Langfuse

Setup

Get your keys from the Langfuse dashboard → Settings → API Keys.

export LANGFUSE_PUBLIC_KEY=pk-lf-...
export LANGFUSE_SECRET_KEY=sk-lf-...

Install the optional dependencies:

pip install upsonic[langfuse]
# or
uv sync --extra langfuse

Usage with Agent / Task

Every agent.do() or agent.print_do() (including async versions) call is automatically traced to Langfuse when you pass instrument=langfuse.

Minimal — Keys from Environment

from upsonic import Agent, Task
from upsonic.integrations.langfuse import Langfuse

langfuse = Langfuse()
agent = Agent("anthropic/claude-sonnet-4-6", instrument=langfuse)

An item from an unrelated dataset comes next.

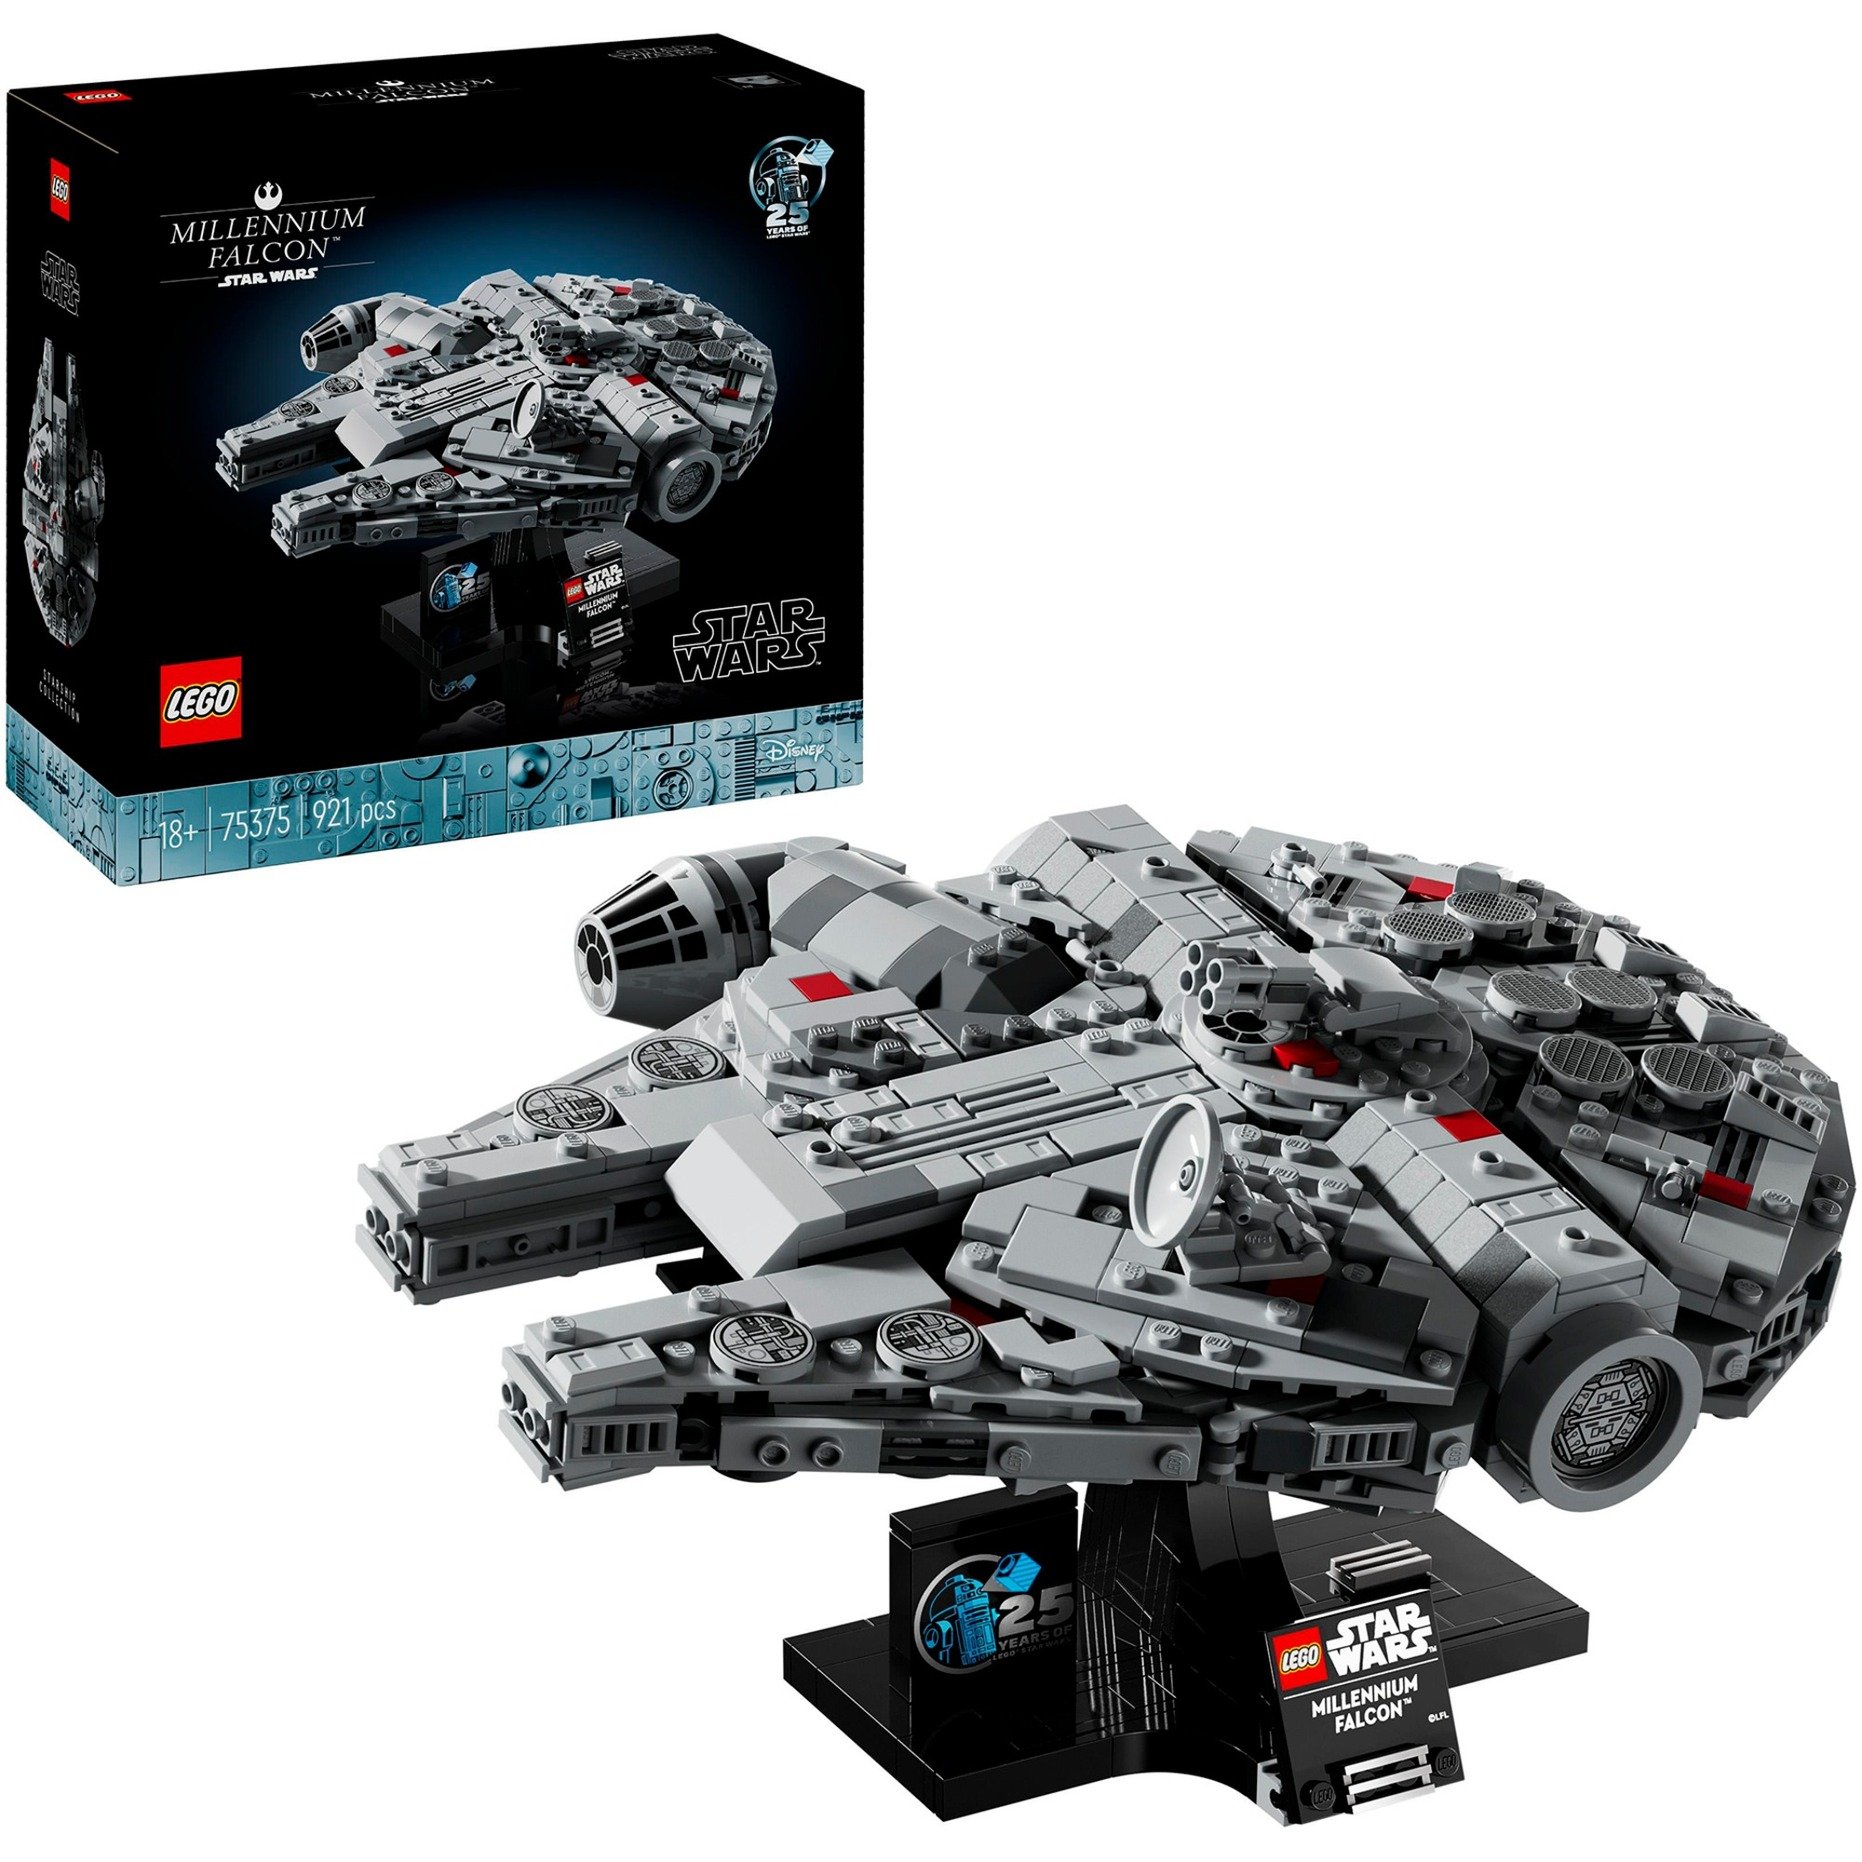 75375 Star Wars Millennium Falcon, Konstruktionsspielzeug von Lego

task = Task(description="What is 2 + 2?")
agent.print_do(task)

langfuse.shutdown()

Full Configuration with Session & User Tracking

from upsonic import Agent, Task
from upsonic.integrations.langfuse import Langfuse
from upsonic.tools import tool

@tool
def get_weather(city: str) -> str:
    """Get the current weather for a city."""
    return f"Sunny in {city}, 22°C"

langfuse = Langfuse(
    public_key="pk-lf-abc123",
    secret_key="sk-lf-xyz789",
    region="us",                  # "eu" (default) or "us"
    service_name="my-agent",
    include_content=True,         # include prompts/responses (default)
)

agent = Agent(
    "anthropic/claude-sonnet-4-6",
    instrument=langfuse,
    session_id="chat-session-001",
    user_id="user@example.com",
    tools=[get_weather],
)

task = Task(description="What is the weather in Paris?")
agent.print_do(task)

langfuse.shutdown()

Usage with Evaluation

AccuracyEvaluator with Langfuse Datasets

When you pass langfuse to AccuracyEvaluator, evaluation results are automatically:

Logged as a dataset item
Linked to the agent’s trace via a dataset run item
Scored on the trace with the evaluation result

import asyncio
from upsonic import Agent, Task
from upsonic.integrations.langfuse import Langfuse
from upsonic.eval import AccuracyEvaluator

langfuse = Langfuse()

agent = Agent("anthropic/claude-sonnet-4-6", instrument=langfuse)
judge = Agent("anthropic/claude-sonnet-4-6")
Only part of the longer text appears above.